- Born: British Columbia, Canada
- Citizenship: Canadian
- Occupation: Art historian

= Marcia Crosby =

Canadian writer, art historian, and educator

Marcia Crosby is a Canadian writer, art historian, and educator.

==Background==
Maria Violet Crosby is of Tsimshian and Haida ancestry, originating from Metlakatla, Alaska, and Gisbutwaada (Killer Whale clan), and House of Gitlan. Born and raised in her maternal grandmother's territory, Marcia grew up on what is now Prince Rupert. She has a Bachelor of Arts in Fine Arts and English (1990), a Master of Arts, "Indian Art/Aboriginal Title" in Cultural History (1993), and a Doctorate of Philosophy in Art History, all from the University of British Columbia.

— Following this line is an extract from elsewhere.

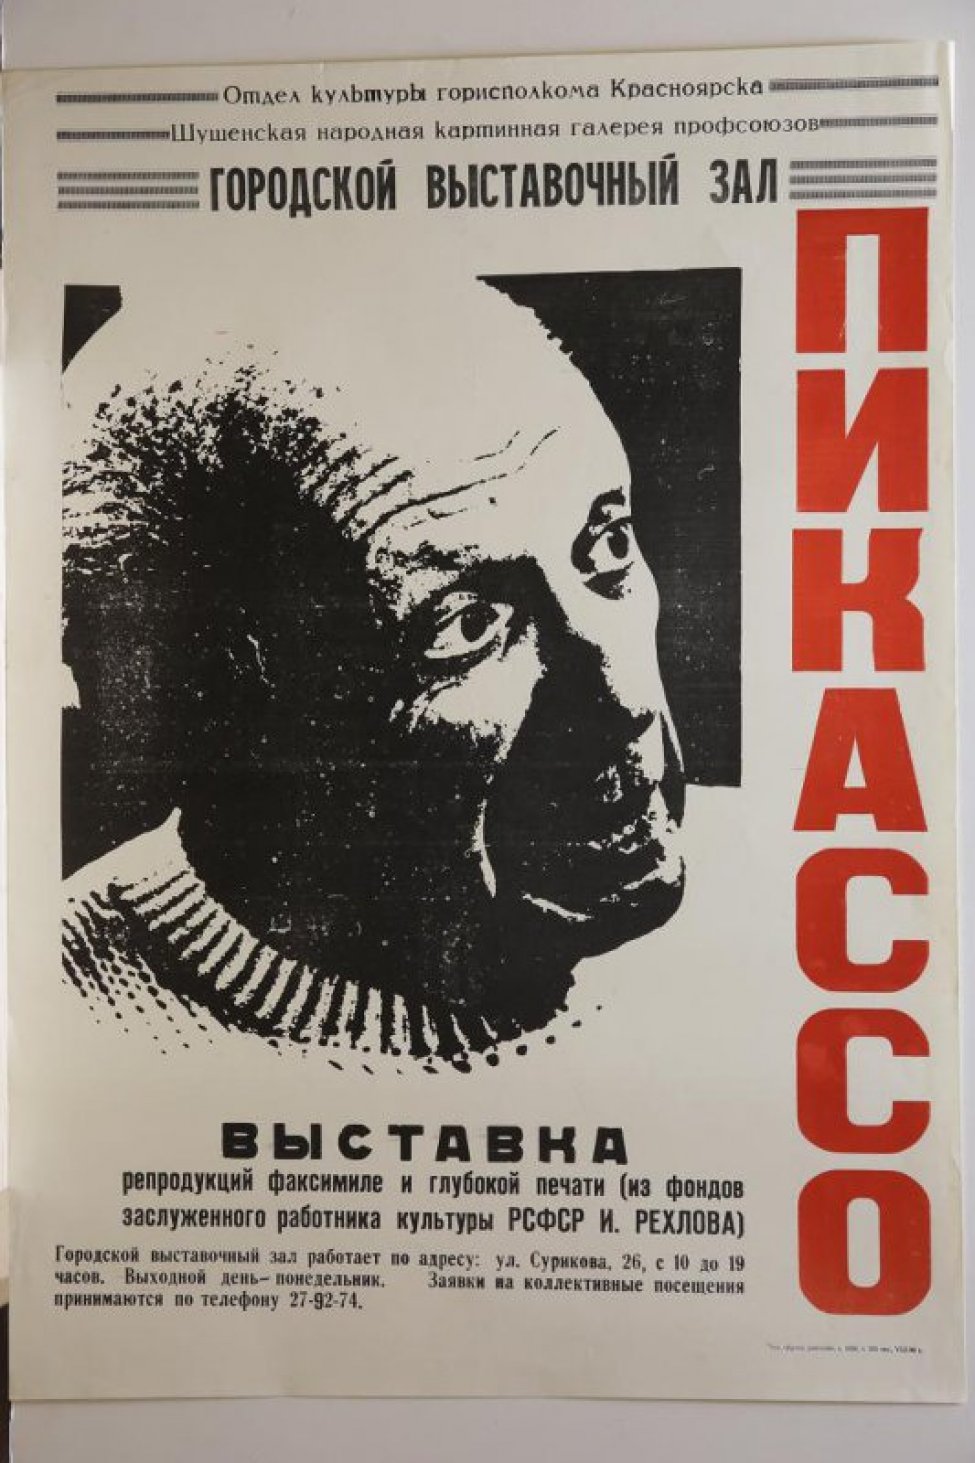 Оплечное изображение в 3/4 повороте художника Пабло Пикассо с приподнятой головой; справа, по вертикали, красным шрифтом: ПИКАССО.

Her MA thesis focused on the tension between representations of Aboriginal cultures and peoples in the public sphere, the work of Indigenous art and artists, and representations of Aboriginal title in British Columbia. Crosby's PhD dissertation is on, ‘self-identifying modern Indian artists.’ Crosby started teaching English literature and First Nations Studies at Vancouver Island University in 1996 (previously Malaspina College). Crosby has worked as a researcher, reviewing Aboriginal programs in public institutions. Crosby's works in literature and curatorial practices have continually interrogated mainstream representations and the historical narratives of First Nations peoples and cultures.

== Curatorial practice ==
Crosby was a guest curator and writer for the Contemporary Art Gallery's exhibition "Nations in Urban Landscape" (1994). This exhibit toured to Oboro, Montreal in 1996. Shelley Niro, Faye HeavyShield and Eric Robertson are some of the artists referenced in her, "Nations in Urban Landscape" exhibition catalogue. In "Nations in Urban Landscape" Crosby investigates the geo-political discourse between Canadian and First Nations governments over the land issues that have shaped cultural practices in museums and galleries.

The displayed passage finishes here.